Task description —
An exact copy is needed of the lines in the entries below from the line with "BOROSIL Steel &" up to and including the line with "Less than 100", and of nothing else. Leave the pictures out.

Dataset records —
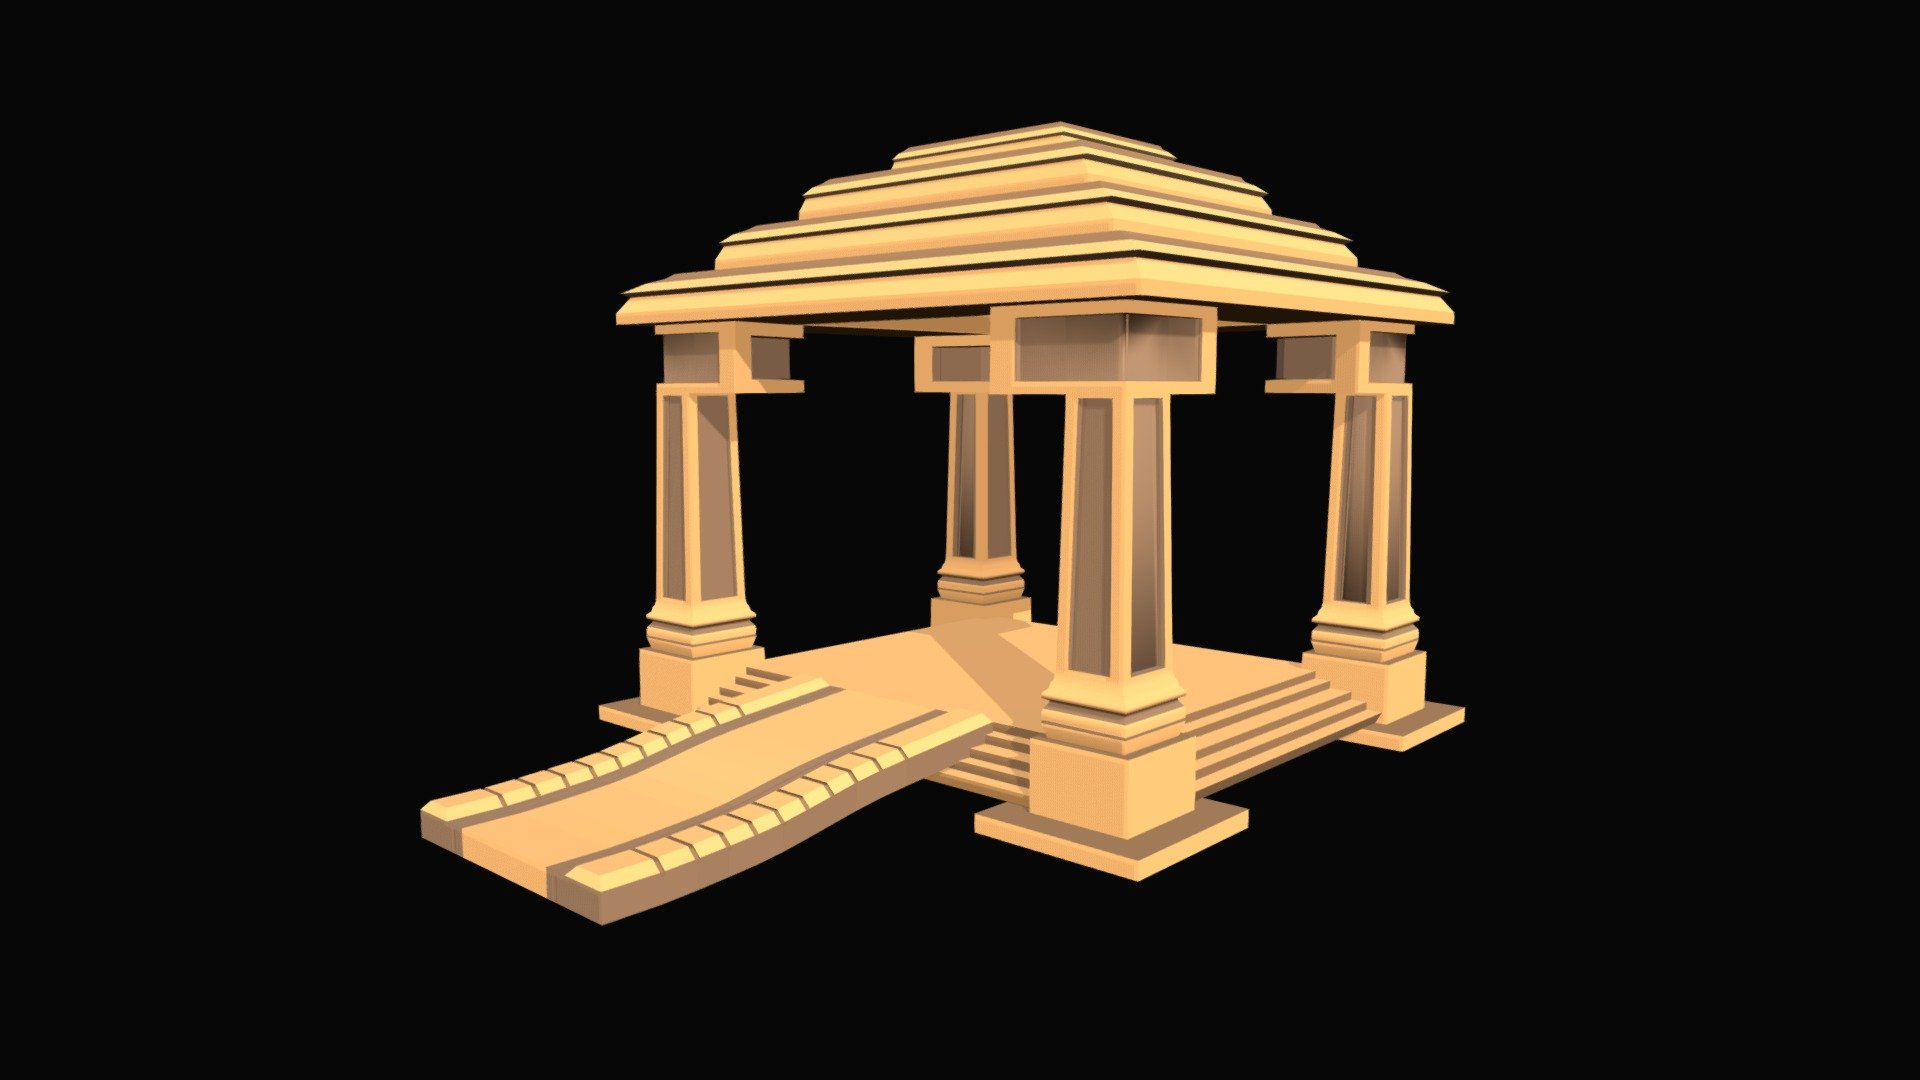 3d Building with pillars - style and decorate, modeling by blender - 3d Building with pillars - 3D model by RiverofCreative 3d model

...

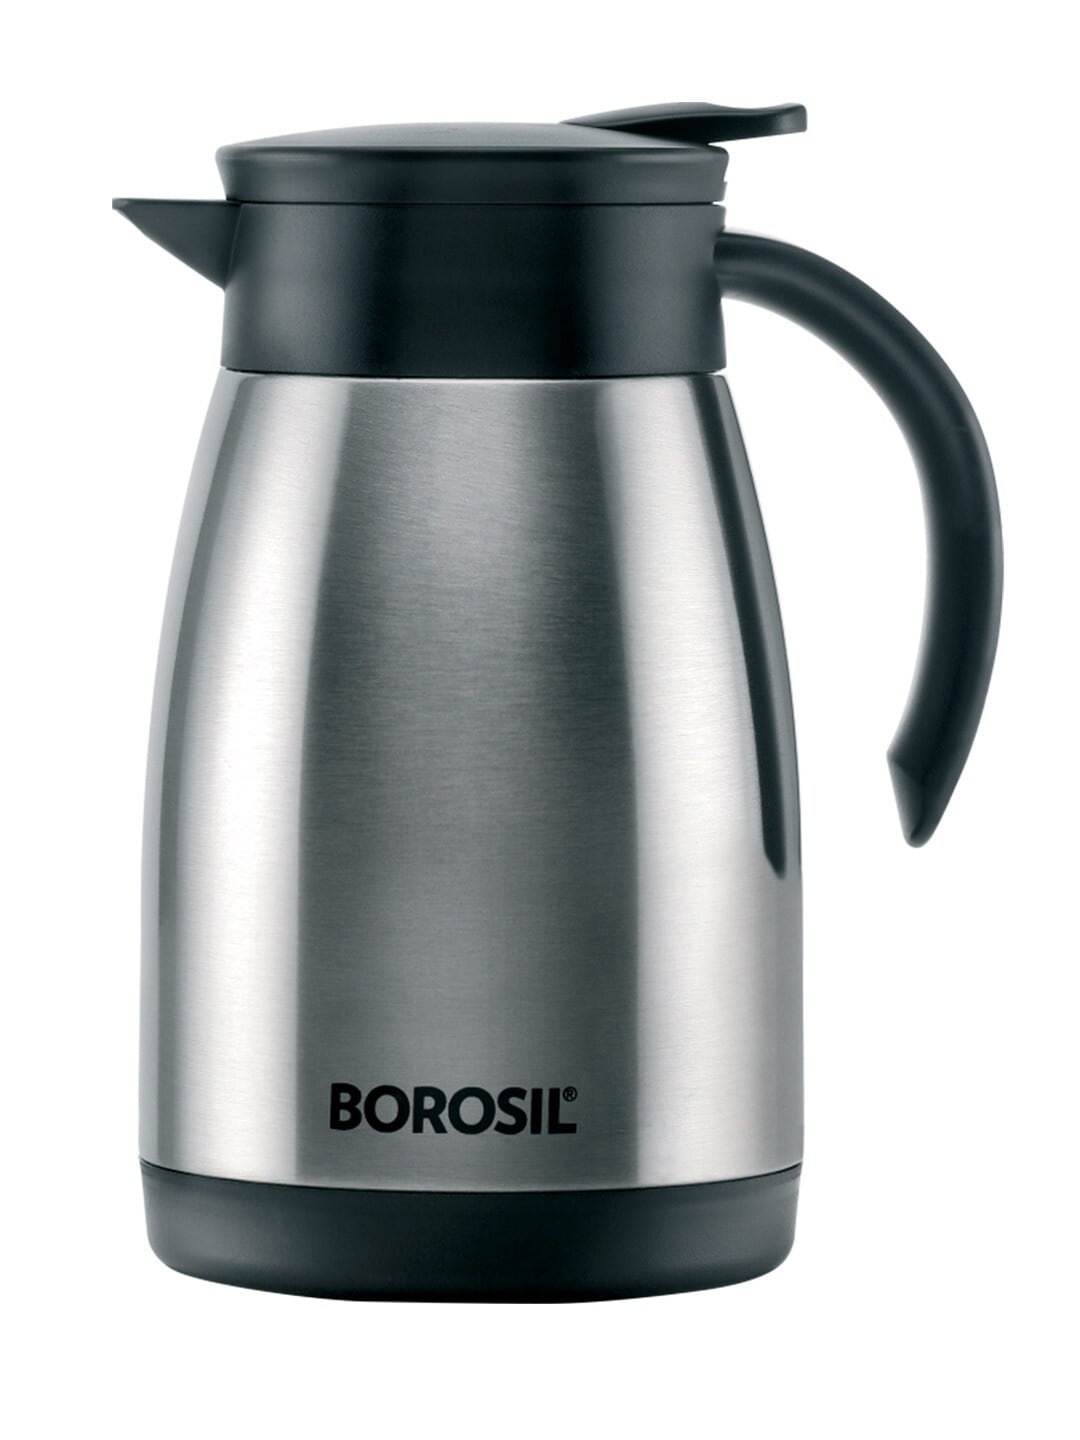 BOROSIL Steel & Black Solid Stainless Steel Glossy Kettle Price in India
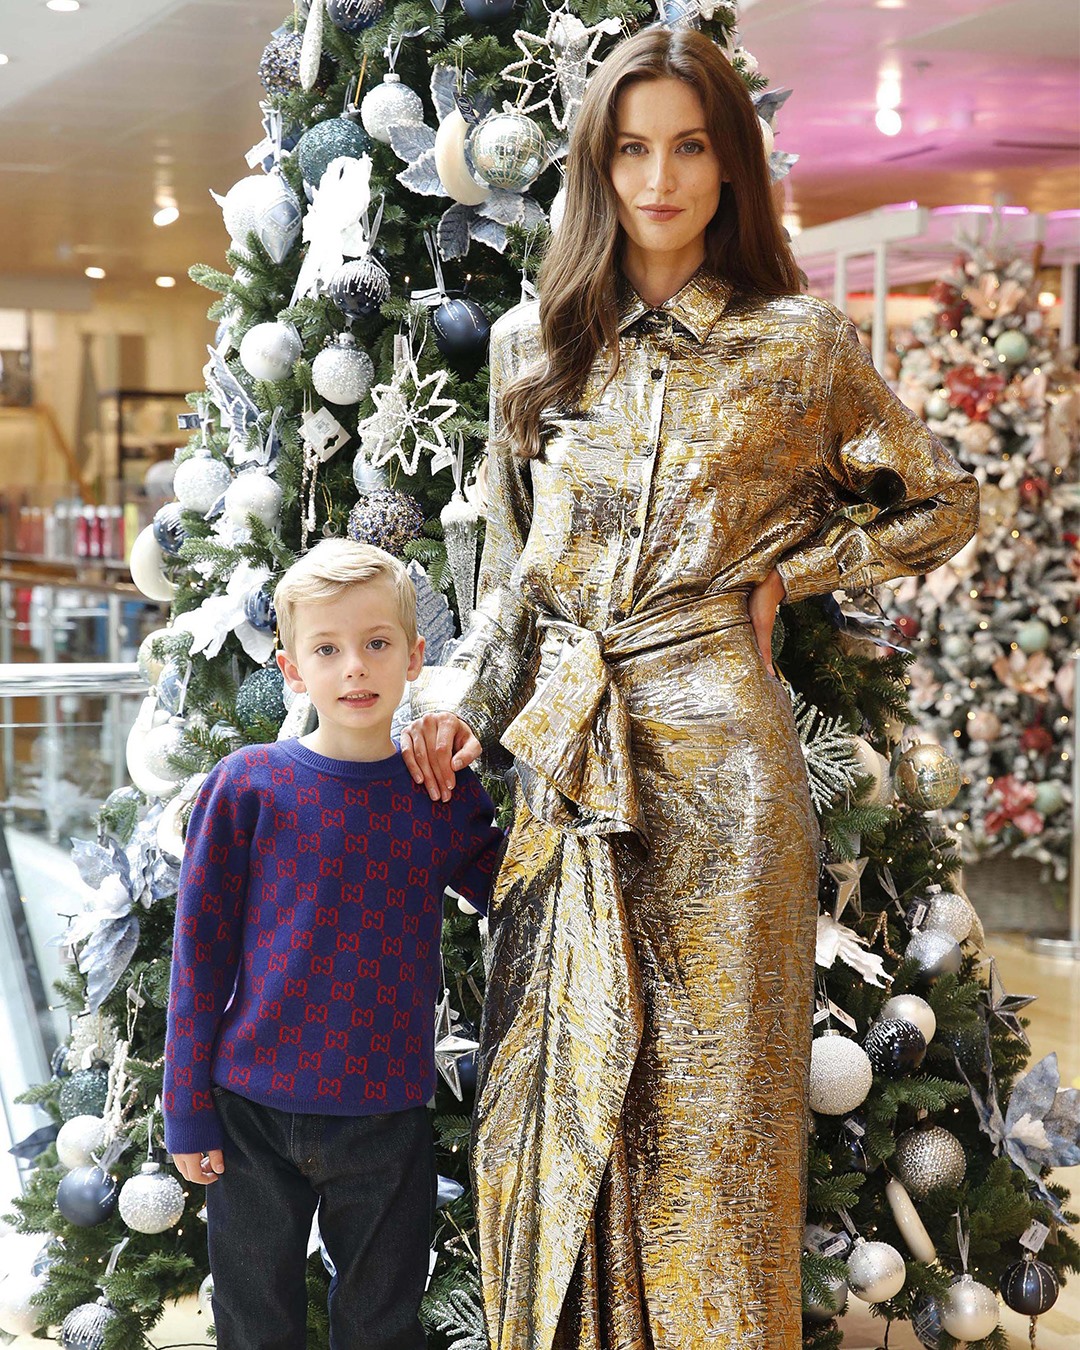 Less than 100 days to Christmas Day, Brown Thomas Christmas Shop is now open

Answer area —
 BOROSIL Steel & Black Solid Stainless Steel Glossy Kettle Price in India
 Less than 100 days to Christmas Day, Brown Thomas Christmas Shop is now open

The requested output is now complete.